SudokuTree

Utilize Tree-of-thought to explore complex problem solving in Large Language Models:

Data Modified: 9/14/23 Author: Wolfgang Black

This repositiory contains code exploring the Tree-of-Thought method (ToT). In this paper, the authors use the Tree-of-Thought to solve sudoku problems. To explore this, in this repo there are a series of different sudoku problems increasing the grid size of the problems and the difficulty of the problems found in the 9x9 grid. This determines whether the tree-of-thought method as implemented in langchain can solve this range of problems. The parameters k, c, and modeltype are all explored. These parameters are explain before

Parameters of Exploration

Tuneable parameters:

k: the maximum number of interactions -This will range from 5-50 per given problem with an break condition on a successful solution
c: the maximum number of child thoughts - this will be a function of grid size
modeltype: Here we'll use text-davinci-003

Problem Parameters:

The majority of the sudoku problems and their solutions have been sourced from http://www.sudoku-download.net
difficulty: base, easy, medium, hard, expert - base is a problem gathered from the paper, the rest indicate increasing difficulty. Difficulty is a function of how many spaces are revealed at the start of the problem and how if a specific technique is required to be used to arrive at the solution (brick, ladder, ect)
grid size: #x# - the grid sizes explored in this problem range from 4x4 - 9x9, with increasing sizes yielding increasing difficulty.

Dependencies

Usage

Note: This is a [WIP] and main.py does not yet exist. To run this code:

first in the terminal and root directory, install the requirements by pip install -r requirements.txt
step into ./scr
type 'python main.py
if the code runs to completion, results can be found in ./src/artifacts

Experiment

4x4 with different starting conditions

First to understand how this code works, we verified that the ToT method could solve a 4x4 problem presented in the paper. This problem was of the form

Problem Solution

3, *, *, 2                  3, 4, 1, 2
1, *, 3, *                  1, 2, 3, 4
*, 1, *, 3      ->          2, 1, 4, 3
4, *, *, 1                  4, 3, 2, 1

The ToT method, implemented with MyChecker() class was able to solve this with k = 10, c = 8. However, the form is relatively easy and straight forward. To understand how we can use this same form to explore k we changed the number of initial populated parameters and the populated pattern.

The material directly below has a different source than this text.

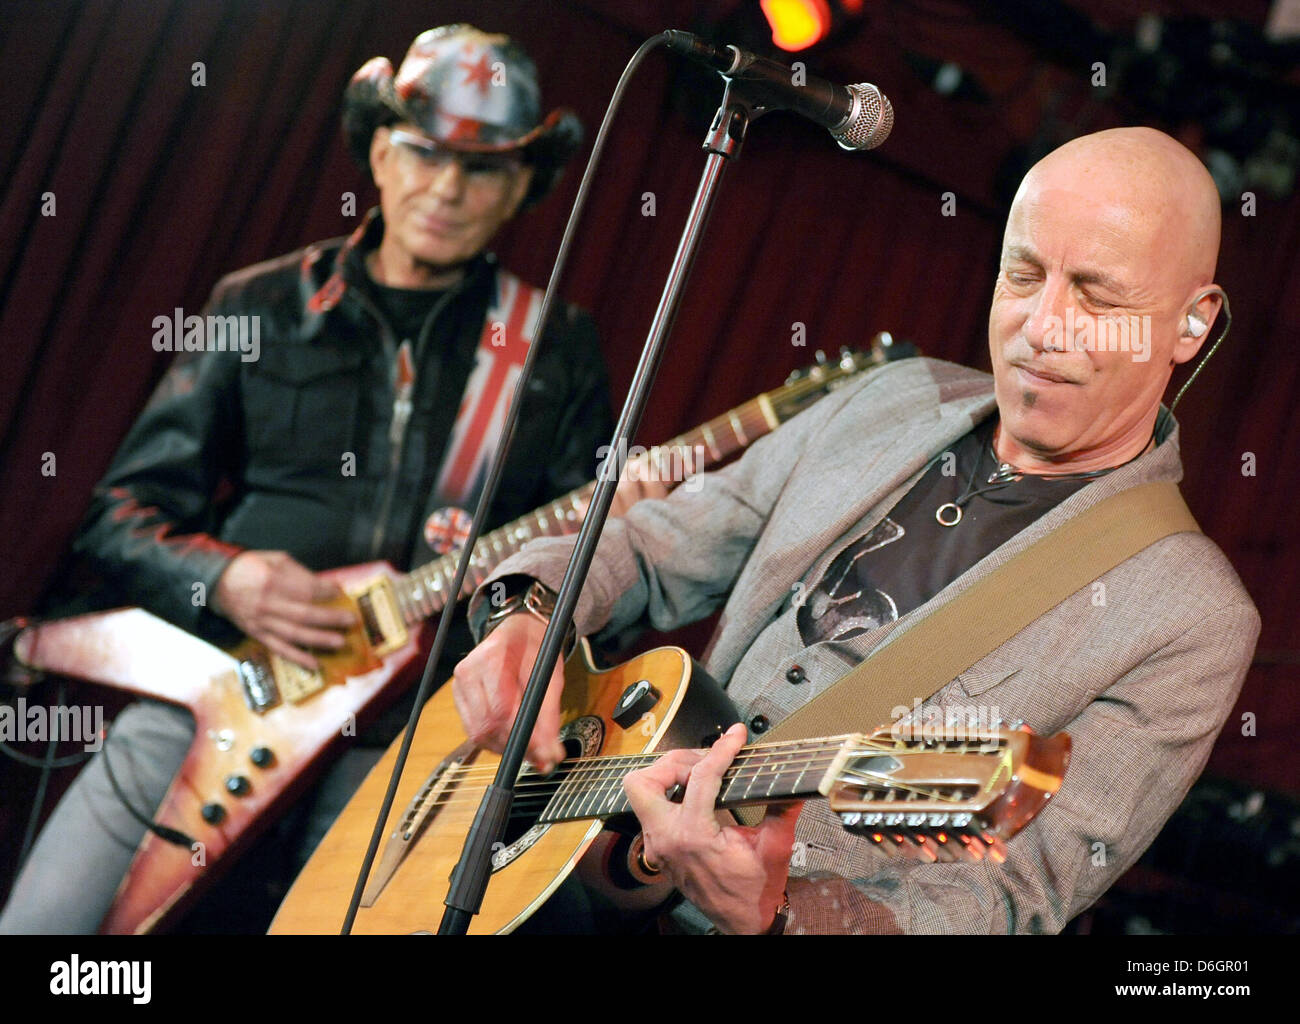 Guitarist Fritz Puppel (L) and singer Toni Krahl from the band City perform in the Red Salon at the Volksbuehne in Berlin, Germany, 22 February 2012. The group is celebrating the 40th anniversary of their formation. The new album "Fuer immer jung" comes out on 24 February 2012. Photo: Britta Pedersen Stock Photo

Example Initial Conditions

easy            base            medium          hard            Solution 
3, 4, *, 2,     3, *, *, 2      3, *, *, 2      3, *, *, 2      3, 4, 1, 2
1, *, 3, *      1, *, 3, *      1, *, 3, *      1, *, 3, *      1, 2, 3, 4
*, 1, *, 3      *, 1, *, 3      *, 1, *, 3      *, 1, *, 3      2, 1, 4, 3
$, *, *, 1      4, *, *, 1      4, *, *, *      *, *, *, *      4, 3, 2, 1

Results

Did it ever generate a false answer, or fail to solve?
- for the base 4x4 problem, this checker never failed to solve the problem with 8 <= c <= 12 and k <= 100
How many initial parameters per easy, base, hard, medium?

Difficulty total populated IC (out of 16) Number of blank columns* Number of blank rows*

easy 9 0 0

base 8 0 0

medium 7 1 8

hard 6 1 1

Difficulty	total populated IC (out of 16)	Number of blank columns*	Number of blank rows*
easy	9	0	0
base	8	0	0
medium	7	1	8
hard	6	1	1

Note, not all cases in the difficulty category may have the same number of blank columns/rows. This should be considered the max amount of blank rows/columns per difficulty. For the hard problem, [hard, 1] did have 1 blank row AND column

Avg K per problem type/k per problem type

As to be expect, we see that the average number of interactions increases as we increase problem difficulty. Difficulty here is proxied by decreasing the number of initially populated cells.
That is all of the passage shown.